Given data:
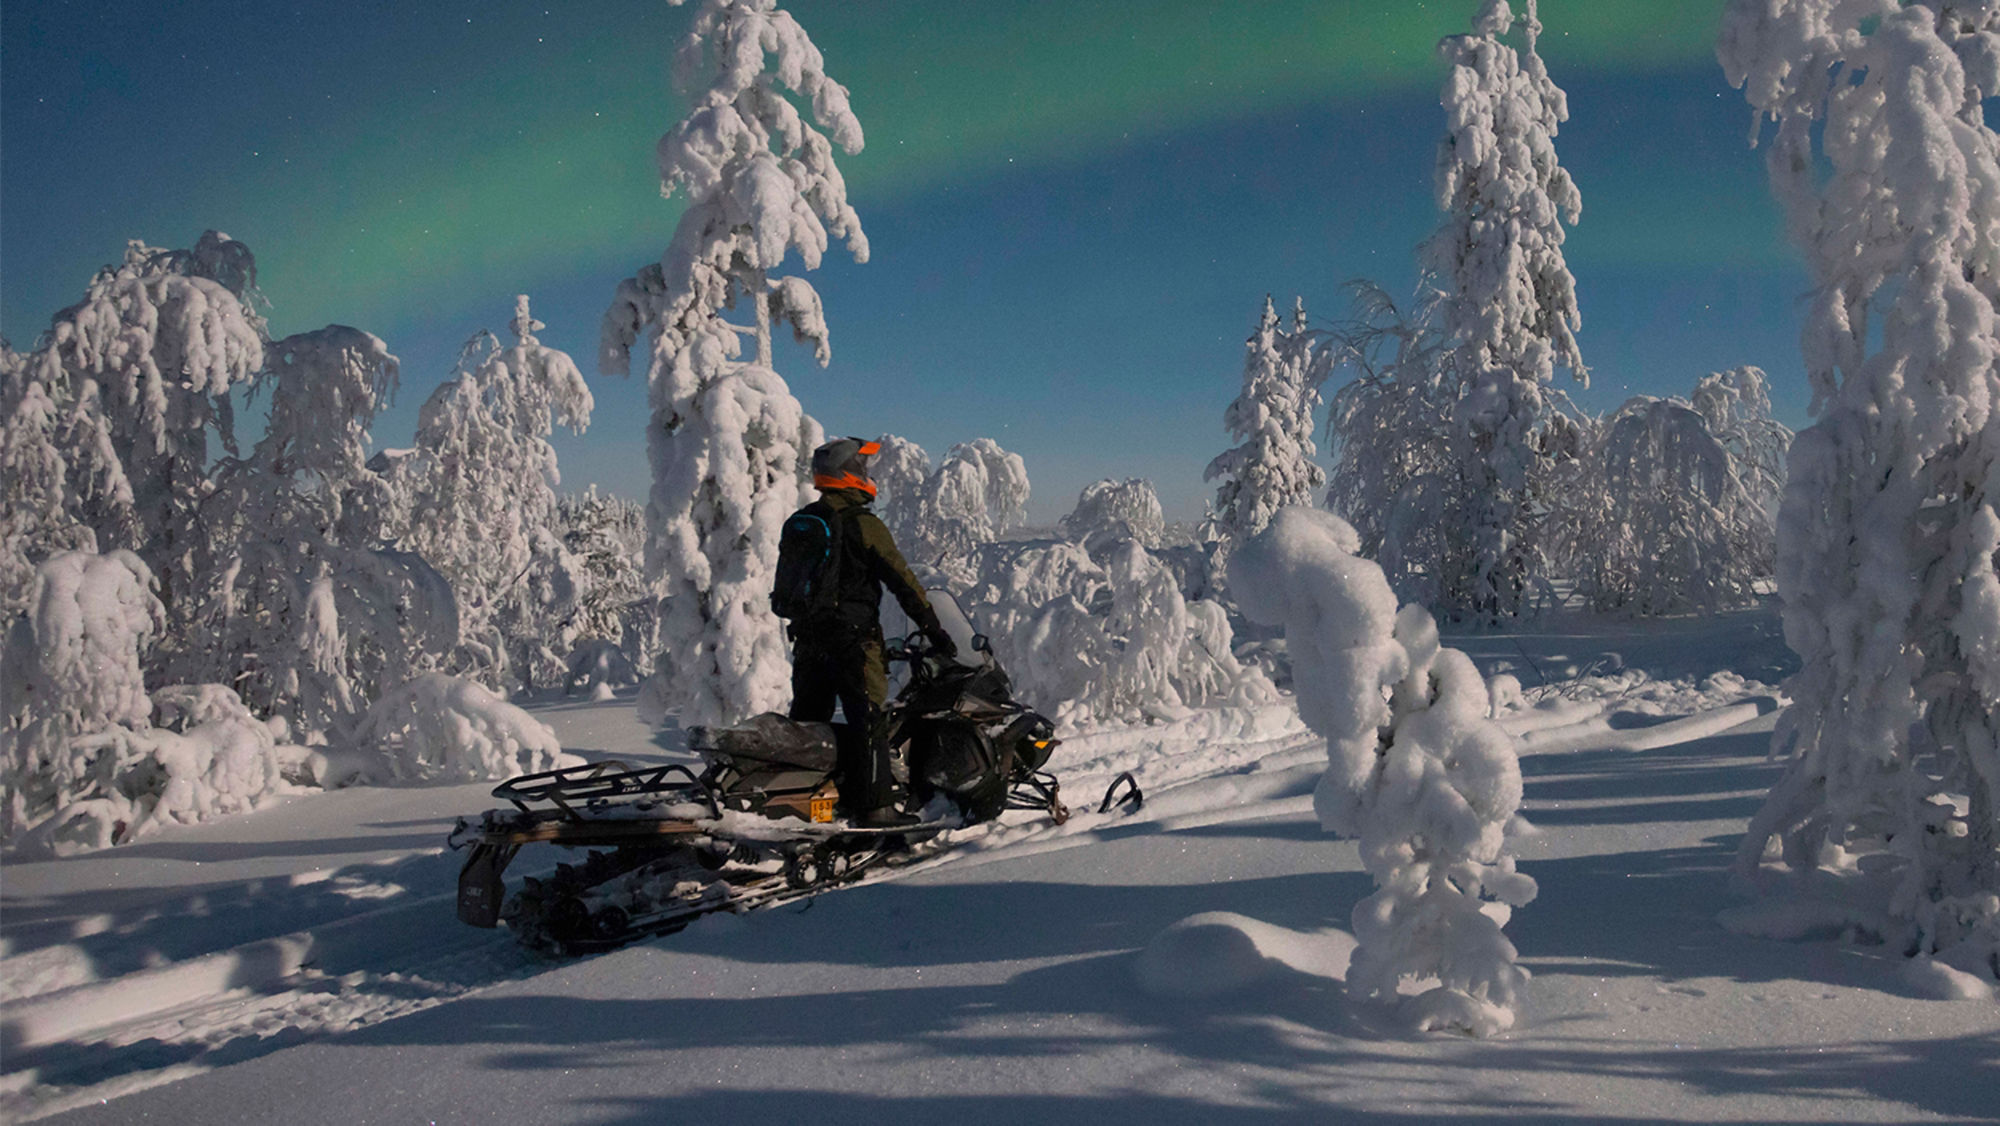 Föraren beundrar norrskenet i en mörk skog på en Lynx 49 Ranger ST snöskoter
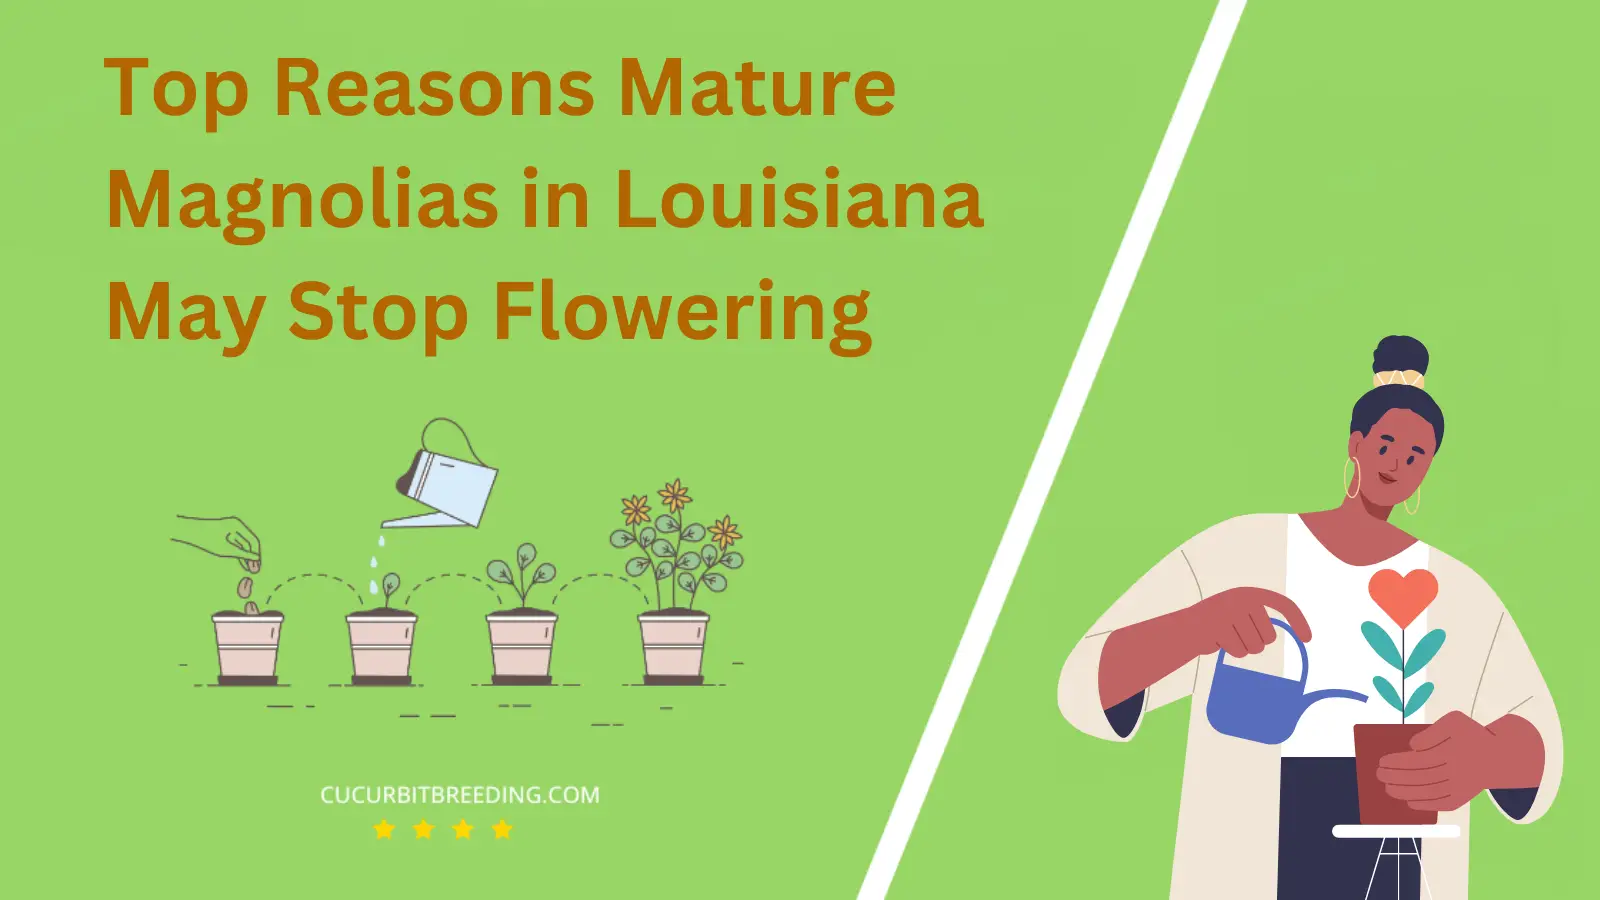 Top Reasons Mature Magnolias in Louisiana May Stop Flowering
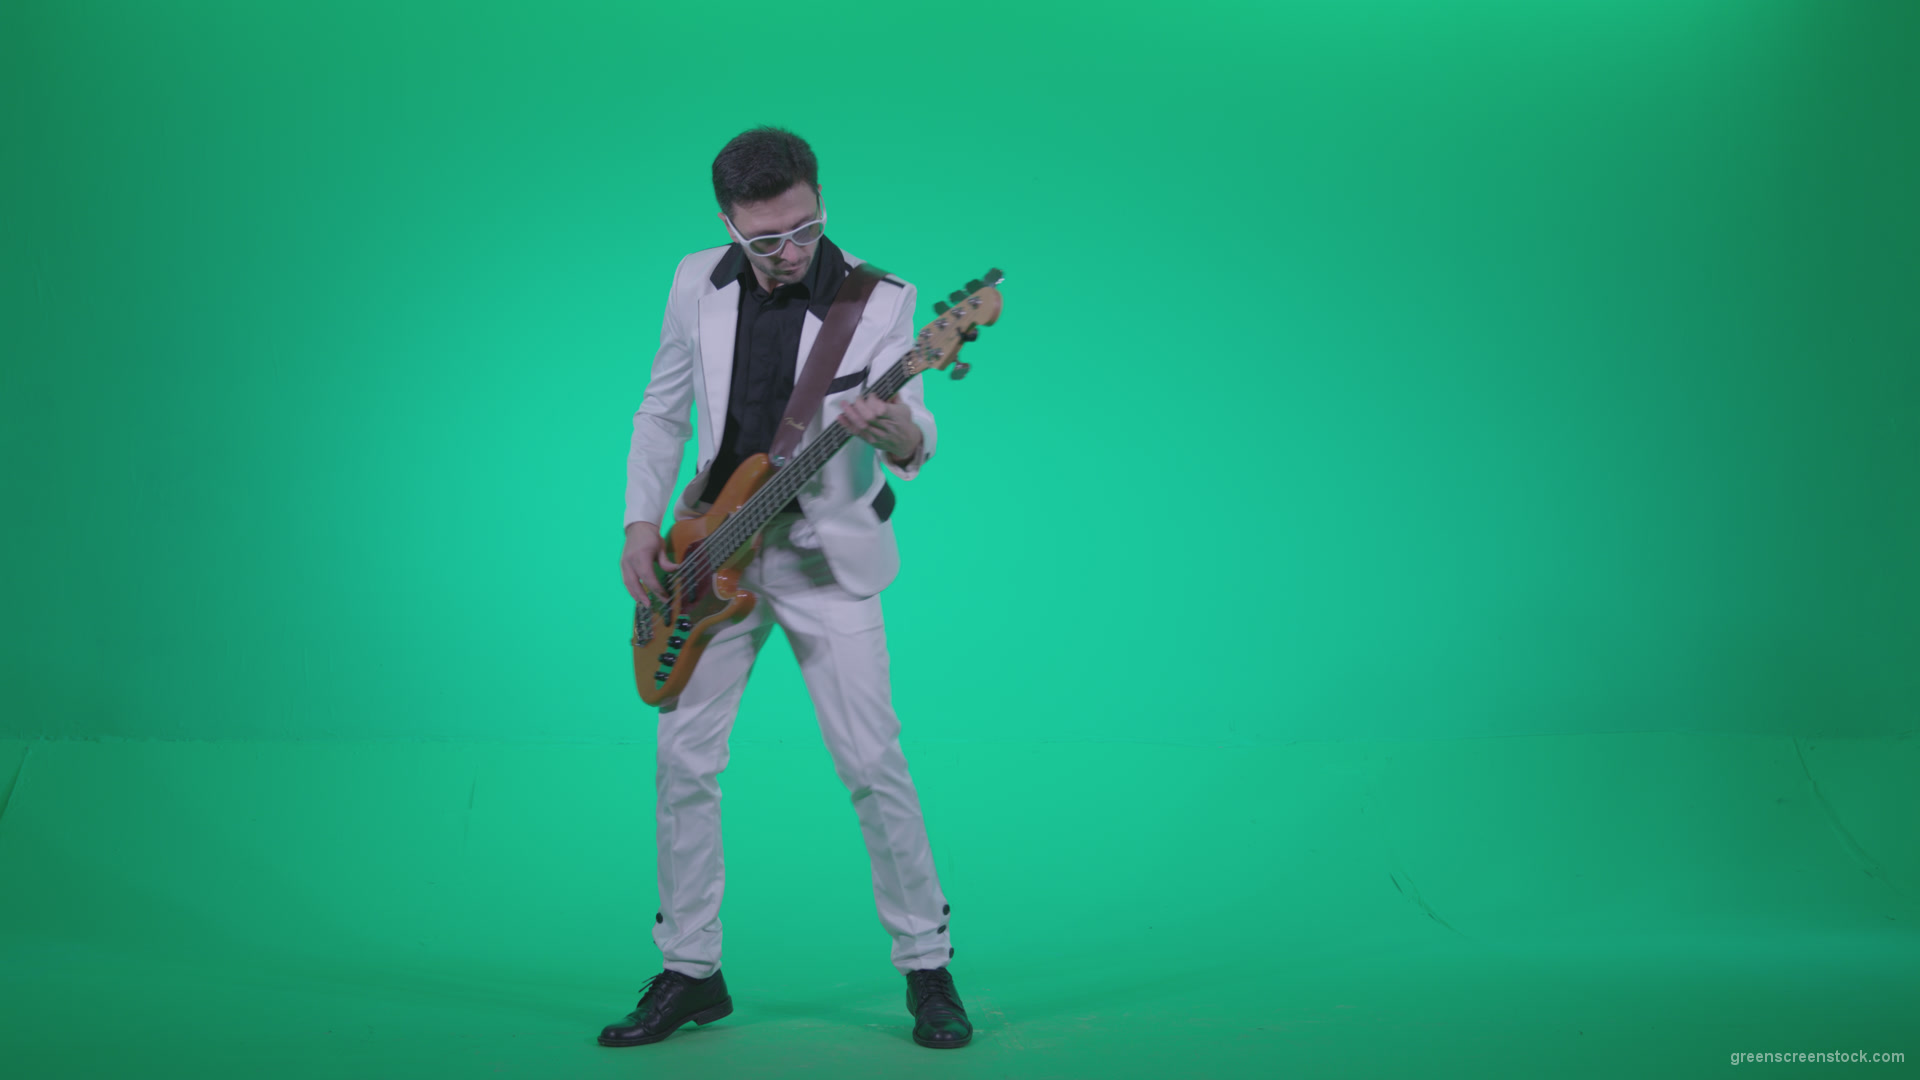 Bass-Jazz-Performer-3_007 Green Screen Stock
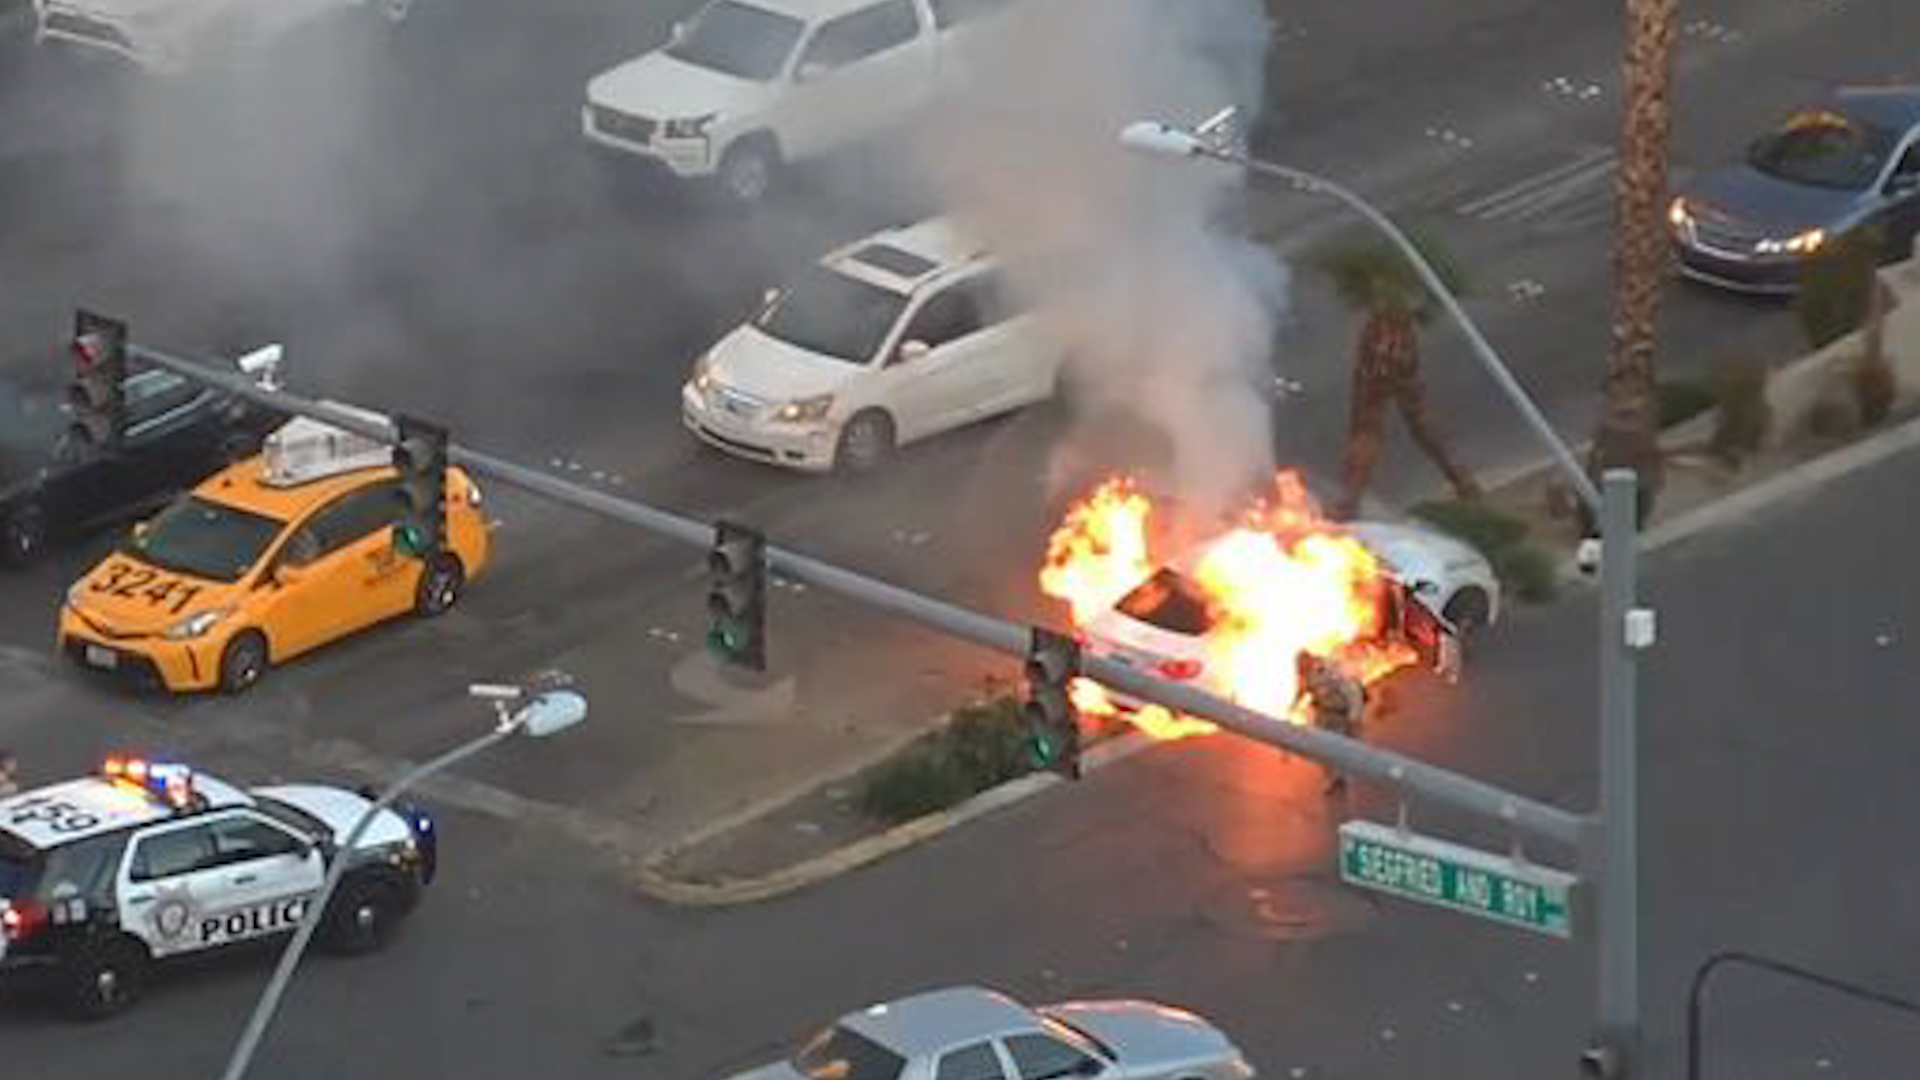 Kéo tài xế bất tỉnh ra khỏi chiếc xe bốc cháy ở Las Vegas - Ảnh 1.

To do: Your response must consist of the material above, reproduced word for word, with the images omitted.

Written answer:
 Föraren beundrar norrskenet i en mörk skog på en Lynx 49 Ranger ST snöskoter
 Top Reasons Mature Magnolias in Louisiana May Stop Flowering
 Bass-Jazz-Performer-3_007 Green Screen Stock
 Kéo tài xế bất tỉnh ra khỏi chiếc xe bốc cháy ở Las Vegas - Ảnh 1.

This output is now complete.